Furthermore, work with the package collection tidyverse was deepened. Here, among other things, it turned out that the function vrooom from the package of the same name provides faster import of larger data sets than similar functions. In addition, it was discussed how to access external data sets directly from RStudio via SQL syntax, so that it is not necessary to import the full data sets at all.

For illustrative purposes, data sets on COVID vaccination status and election outcomes in the United States were used during the workshop. Respectively, the observations were clustered at different levels (state, county, …), which rendered the merging of the data sets difficult. Besides typical functions of data wrangling (filtering, grouping, aggregating, mapping, merging), some special machine learning methods were discussed. Here, the logic of the procedure was first demonstrated using simple linear regression models: A model is trained with a (smaller) training data set and then applied to a (larger) test data set.
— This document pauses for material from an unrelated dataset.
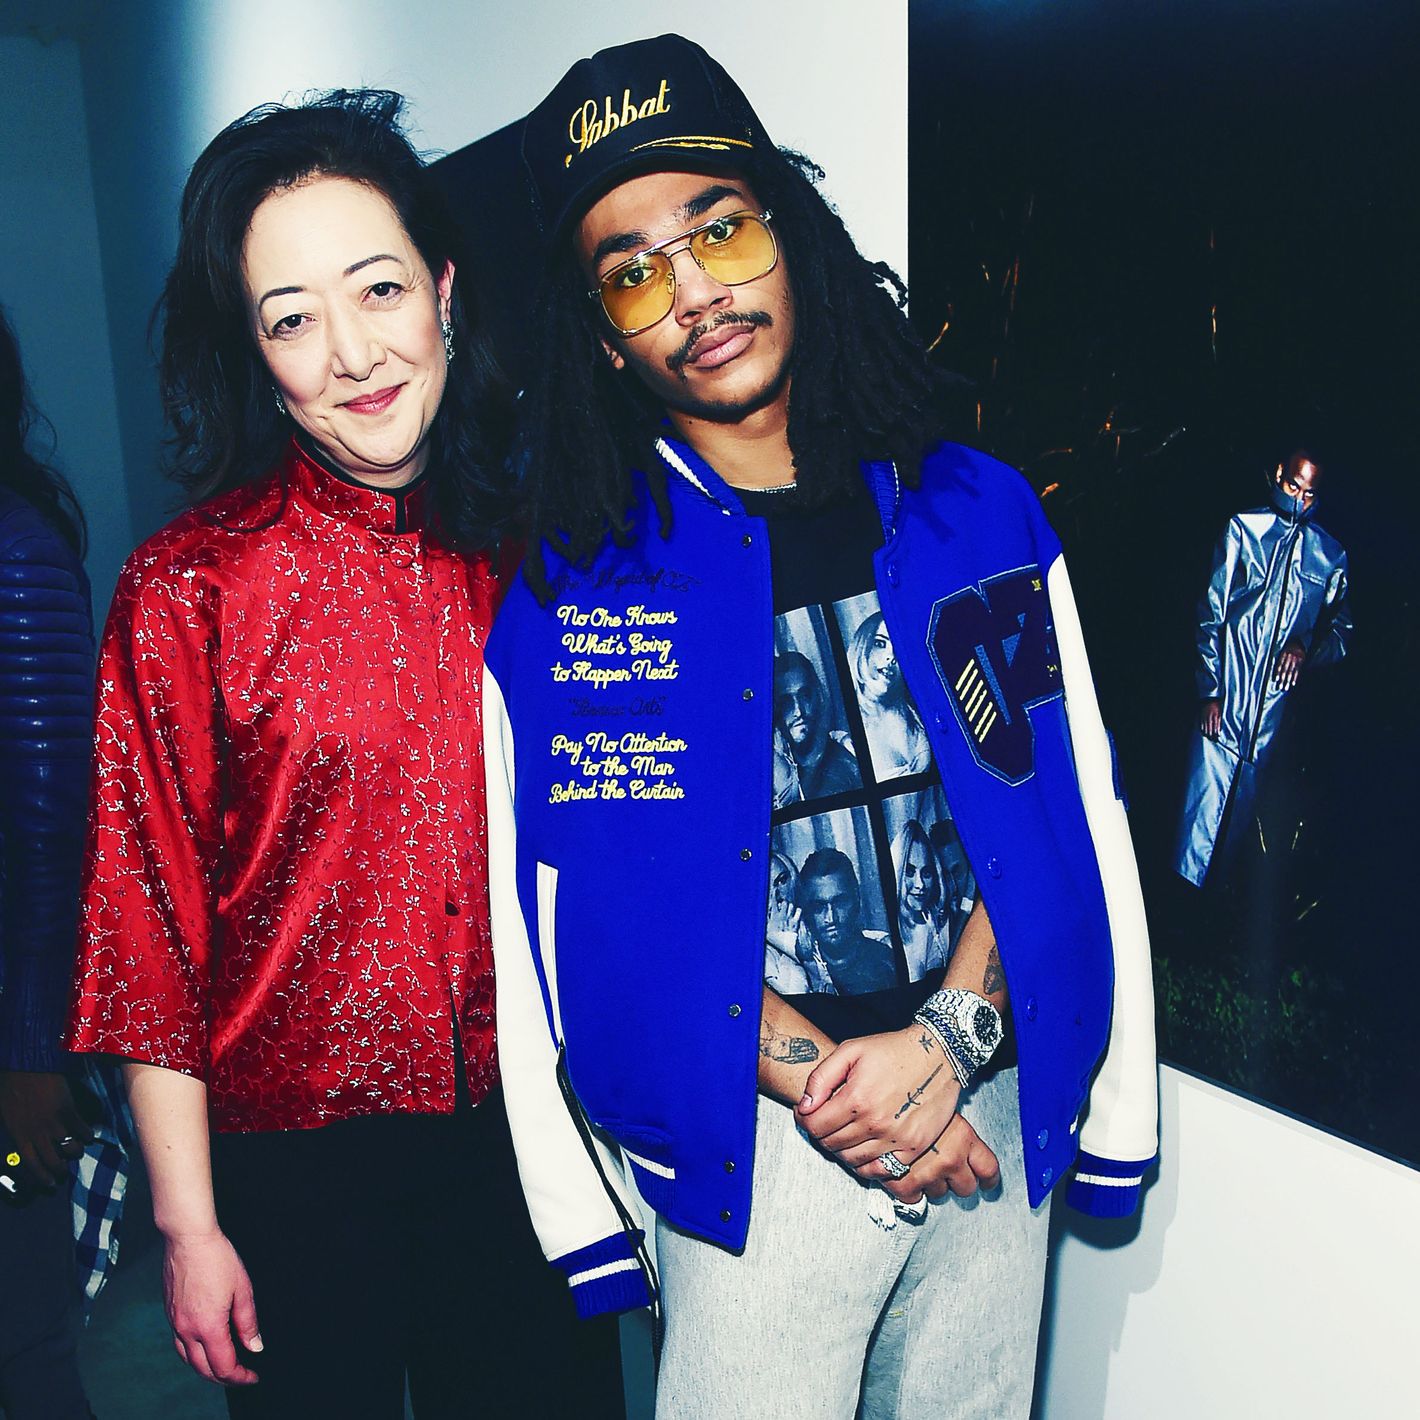 Luka Sabbat wearing The North Face jacket is seen outside Sacai on

The model is supposed to accurately predict the outcome, but not as accurately as to overfit to the training data and perform badly on the test data – in the end, it was a question of a balance between variance and bias. During the workshop, this principle was also applied to LASSO and Ridge regression, logistic regression, and classification methods such as Support Vector Machines, Decision Trees, and Random Forests.

All in all, it was a good introduction to working with machine learning methods. However, there was limited focus on the decision criteria for choosing certain methods over others, and a strong focus on the technical implementation of the methods in R. Nevertheless, the workshop was able to clarify some open questions and provide some new techniques that will help when working with larger datasets and in data analysis.